I have several books on R, and this is the one that comes closest to being the reference manual. If you know what statistic you want, you look it up in the index to find the syntax. The R commands are highlighted in red and the output in blue, making them easy to find. If you want to program R, or if you want to learn statistics, or if you want 100% error-free content, look elsewhere. But if it's in the base package of R, it is probably in this book. And if you need something to whack somebody over the head with during a heated argument about statistics, thereby winning the argument, this 1000-page book is perfect. This is how science progresses.

feb 13, 2016

Disclaimer: I did not read this book in its entirety.

book review Score+3

Using R for Numerical Analysis in Science and Engineering
by Victor A. Bloomfield
CRC Press, 2014, 335 pages

Reviewed by T. Nelson

R isn't only for statistics; it can also do mathematical calculations. It's a complete programming language with its own unique syntax. The packages it uses are pretty much the same as the ones described in Numerical Recipes in Fortran, to which the author frequently refers. You get linear equation solving, matrix functions, math functions like Bessel and gamma functions, numerical integration, optimization, differential equations, roots, nonlinear curve fitting, cluster analysis and FFTs.

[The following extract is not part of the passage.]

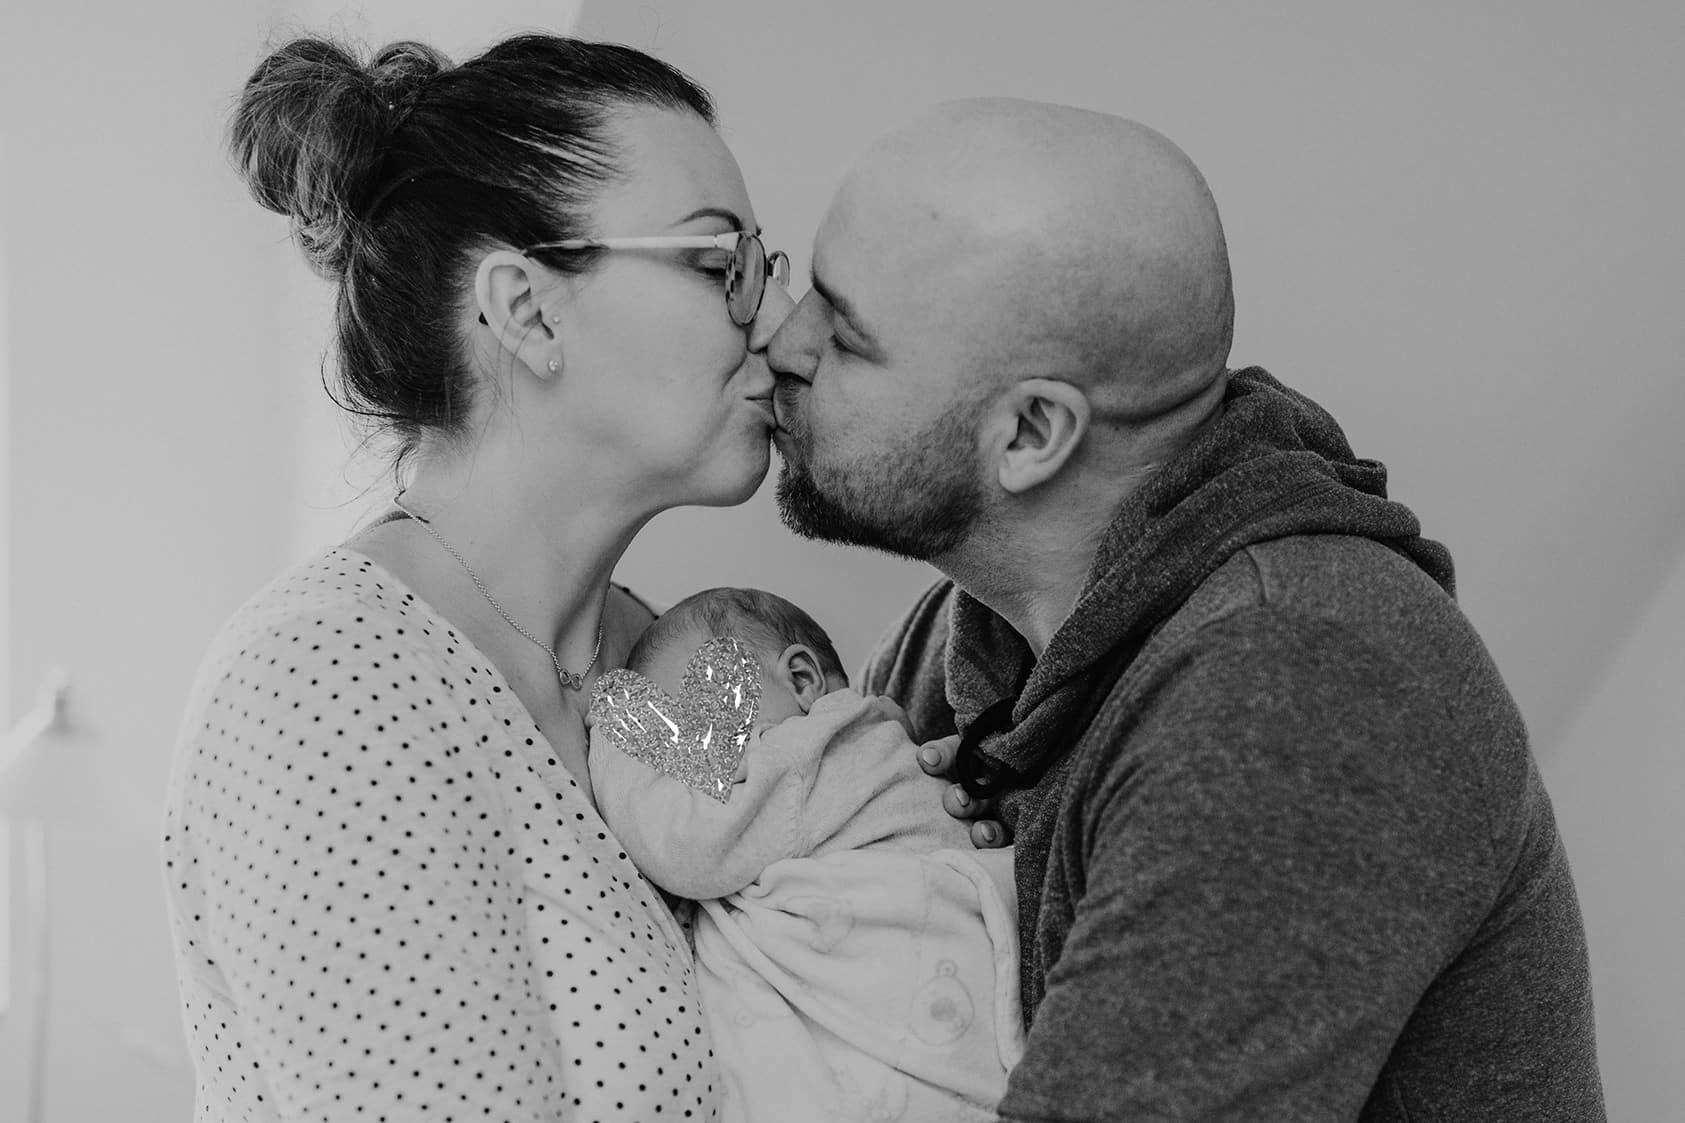 Babyshooting-Familienshooting-Familienfotografie-hundefotografie-reinheim-mainz-wiesbaden-darmstadt-fotograf-hochzeitsfotograf-homestory22

Bloomfield sees R as a high-level language. There are no worries about declaring variables or allocating memory. Its syntax, while simple, is strict because it interprets each statement as a command. But it's not like Mathematica: its capacity for symbolic math is rudimentary. R is more like a toolbox.

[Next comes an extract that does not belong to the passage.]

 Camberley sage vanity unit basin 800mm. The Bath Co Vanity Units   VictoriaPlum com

The tutorials are done by example, with no theory. The main drawback in this book is that many things are used before they're described. For example, importing data is not discussed until page 273. The ‘$’ operator is first used on page 29 but not defined until page 275. The ‘%*%’ operator (matrix multiplication) is first used on page 19 but never defined at all, and many of the R options are used but never defined. You're supposed to use R's help function for all this. But you might ask: in that case, what do you need the book for?

The answer is that you need it to learn what packages and functions are available, and you get a little bit of test data to verify that they work. And that's valuable.

But I suspect the programming tutorial would be too perplexing for someone with no exposure to computer programming. Here is the description of the switch function on page 66:
> x = rnorm(10, 2, 0.5)
> y = 3
> switch(y, mean(x), median(x), sd(x))
[1] 0.476892

Now that's what I call cryptic. But if you're familiar with programming, you'll realize it's just like the computed GOTO in Fortran 77—evidence of R's roots. Even some of R's source code is still in Fortran, and you need an F77 compiler to build it.